News From the Border

Providing the news from a different front but from a war that we must win as well! I recognize the poverty and desperate conditions that many Latinos live in. We, as the USA, have a responsibility to do as much as we can to reach out to aid and assist spiritually with the Gospel and naturally with training, technology and resources. But poverty gives no one the right to break the laws of another sovereign nation.

Monday, April 23, 2007

Circumventing Legal Authority

By Alan Nathan
Washington Times | April 23, 2007

Whether it's about illegal aliens, property rights, or reconciling our jurisprudence with international law, inferior vestiges of government power have circumvented an authority not vested in them by our Constitution, and the proof is disturbingly self-evident.

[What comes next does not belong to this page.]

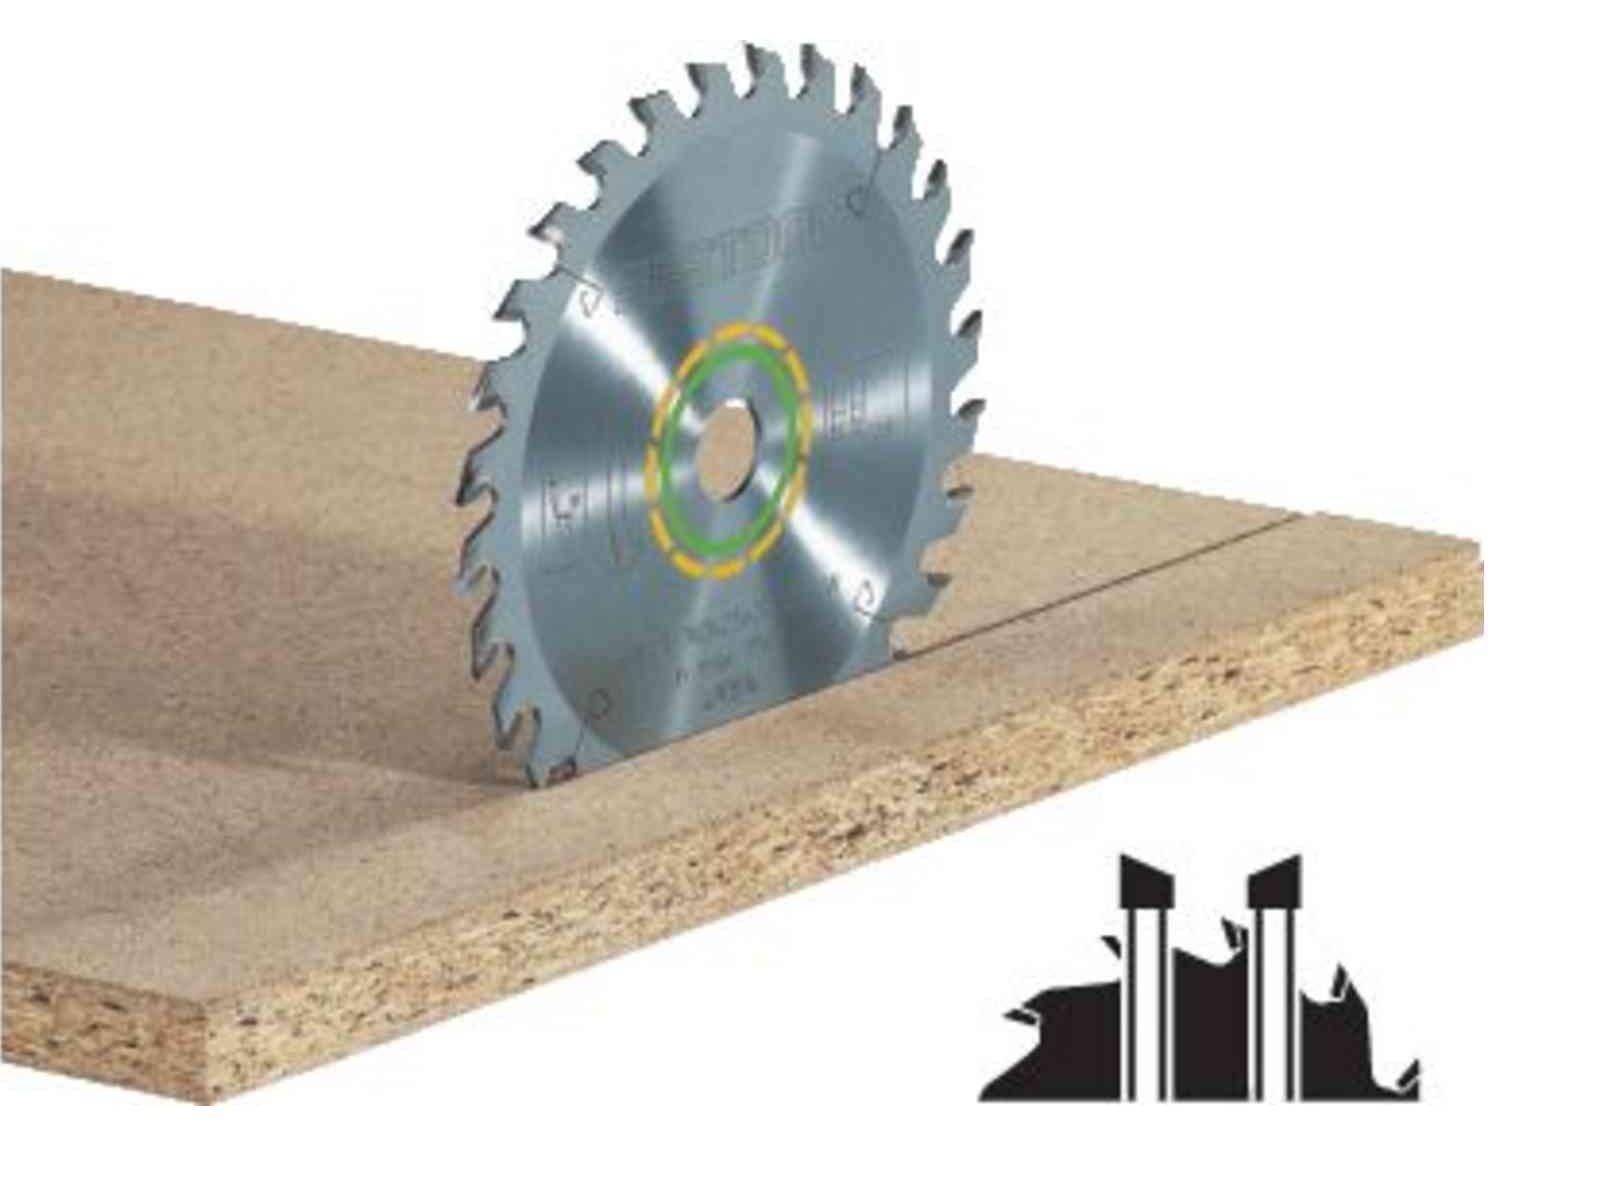 Univerzální pilový kotouč pro pilu Festool TKS 80 (Festool 254x2,4x30 W40) 254x30mm, 40 zubů, kód: 575975

For the last two years, a slight majority of poll respondents have said that they are open to guest-worker programs and pathways to citizenship for non-documented residents. However, 70 percent correctly insist that we should first seal up the borders against the hundreds of thousands of people entering our home illegally every year.

America's governing bodies deny our pleas by cowering behind lofty claims of needed comprehensive immigration reform. It's a maneuver to supplant their responsibility with an excuse to prolong noncompliance with our Constitution.

The nation's illegal-immigration debate resembles a dysfunctional family, who, when confronted by a leaky roof, would rather fight about where to place limited buckets instead of simply repairing the holes. Just as sealing the ceiling shouldn't be hostage to buying more pails, so implementing constitutional law shouldn't be contingent upon legislative law not yet written.